Content can also be shared among otherwise partitioned networks by any node
that bridges them.

For example, it's easy to create nodes on both the open Internet and the
private Tor OnionCat IPv6 /48\. That should work for any overlay network. And
once nodes on such partitioned networks pin content, outside connections are
irrelevant. Burst sharing is also possible. Using MPTCP with OnionCat, one can
reach 50 Mbps via Tor.[0,1]

0)
[https://ipfs.io/ipfs/QmUDV2KHrAgs84oUc7z9zQmZ3whx1NB6YDPv8ZR...](https://ipfs.io/ipfs/QmUDV2KHrAgs84oUc7z9zQmZ3whx1NB6YDPv8ZRuf4dutN/)

1)
[https://ipfs.io/ipfs/QmSp8p6d3Gxxq1mCVG85jFHMax8pSBzdAyBL2jZ...](https://ipfs.io/ipfs/QmSp8p6d3Gxxq1mCVG85jFHMax8pSBzdAyBL2jZxCcCLBL)

------
nathcd
I'd be really curious to hear more about how Goal 2 (a full read/write
wikipedia) could work.

IIRC, writing to the same IPNS address is (or will be?) possible with a
private key, so allowing multiple computers to write to files under an IPNS
address would require distributing the private key for that address?
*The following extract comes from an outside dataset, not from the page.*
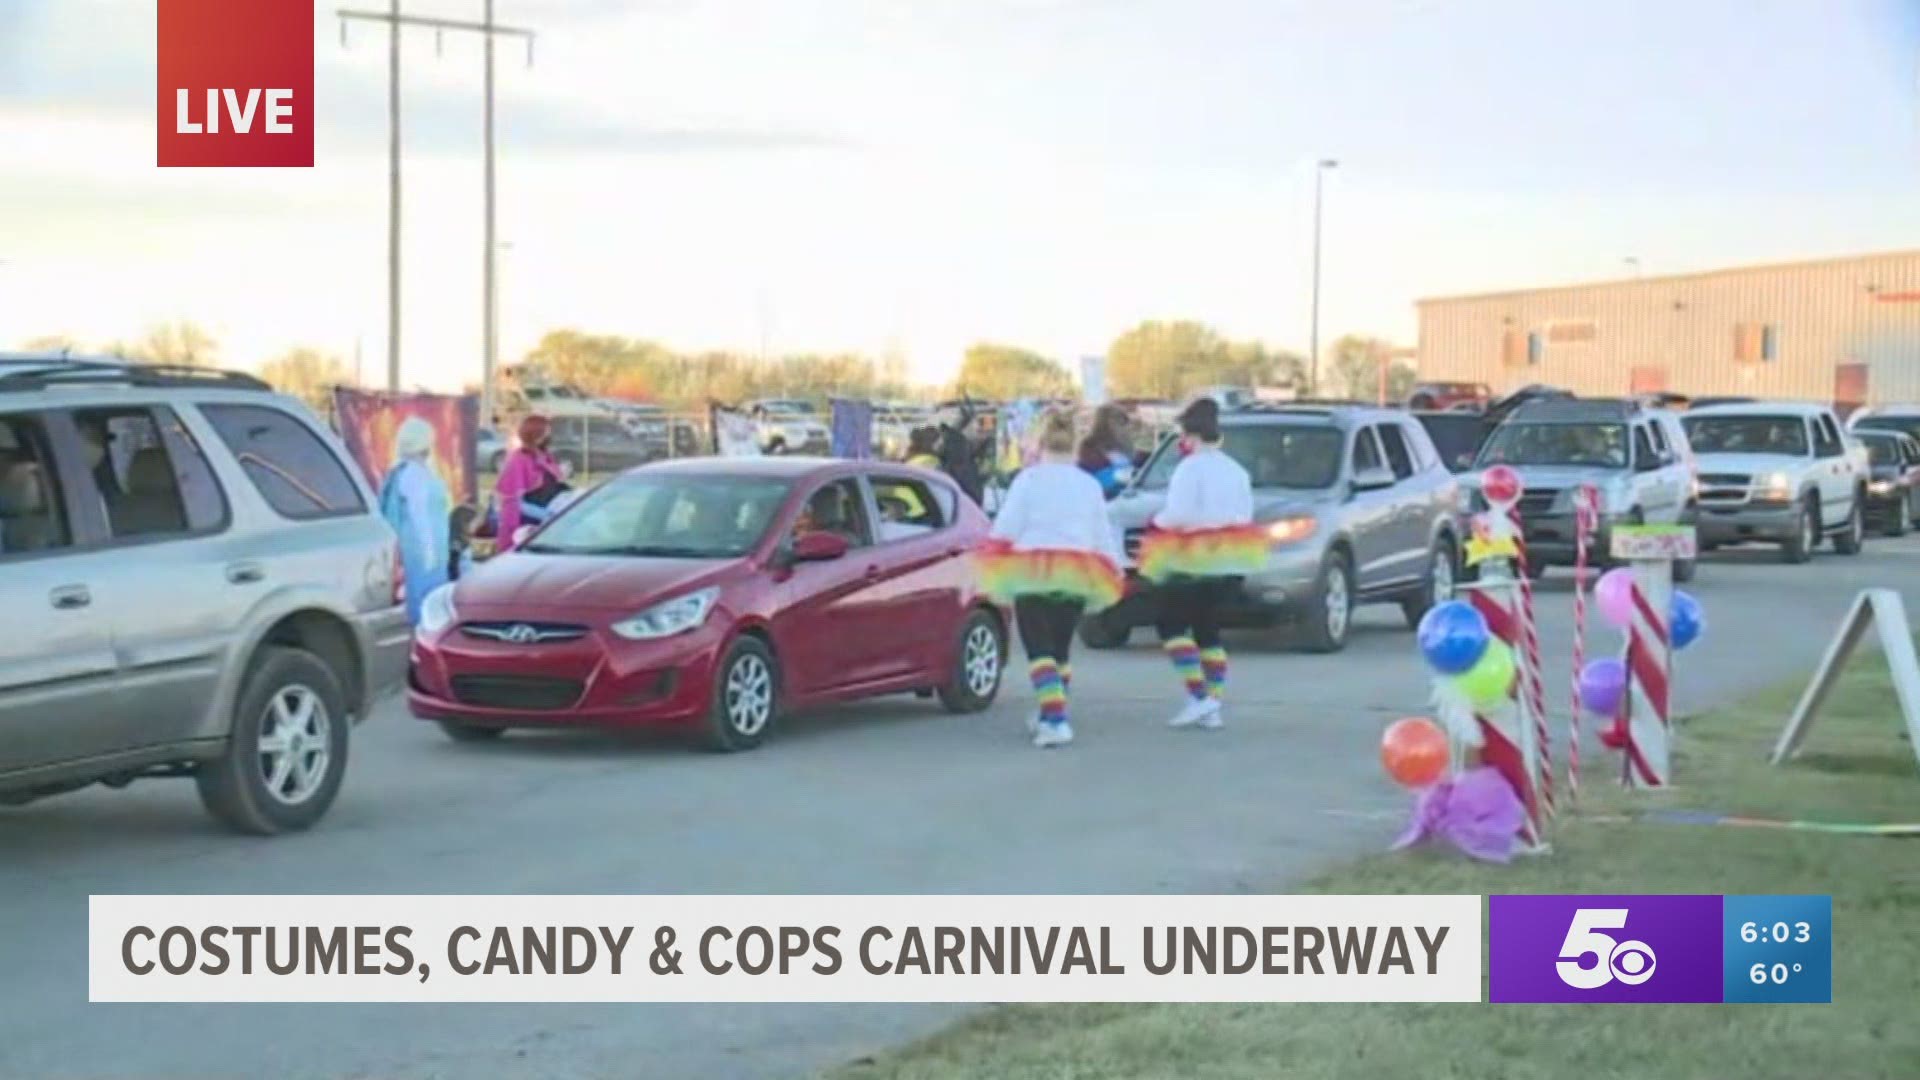 It's a busy night at the Benton County Fairgrounds as hundreds of trick-or-treaters look to have some COVID safe fun during the Costumes, Candy & Cops event.

Also, I wonder how abuse could be dealt with. I've got to imagine that
graffiti and malicious edits would be much more rampant without a central
server to ban IPs. It seems like a much easier (near-term) solution would be a
write-only central server that publishes to an (read-only) IPNS address, where
the load could be distributed over IPFS users.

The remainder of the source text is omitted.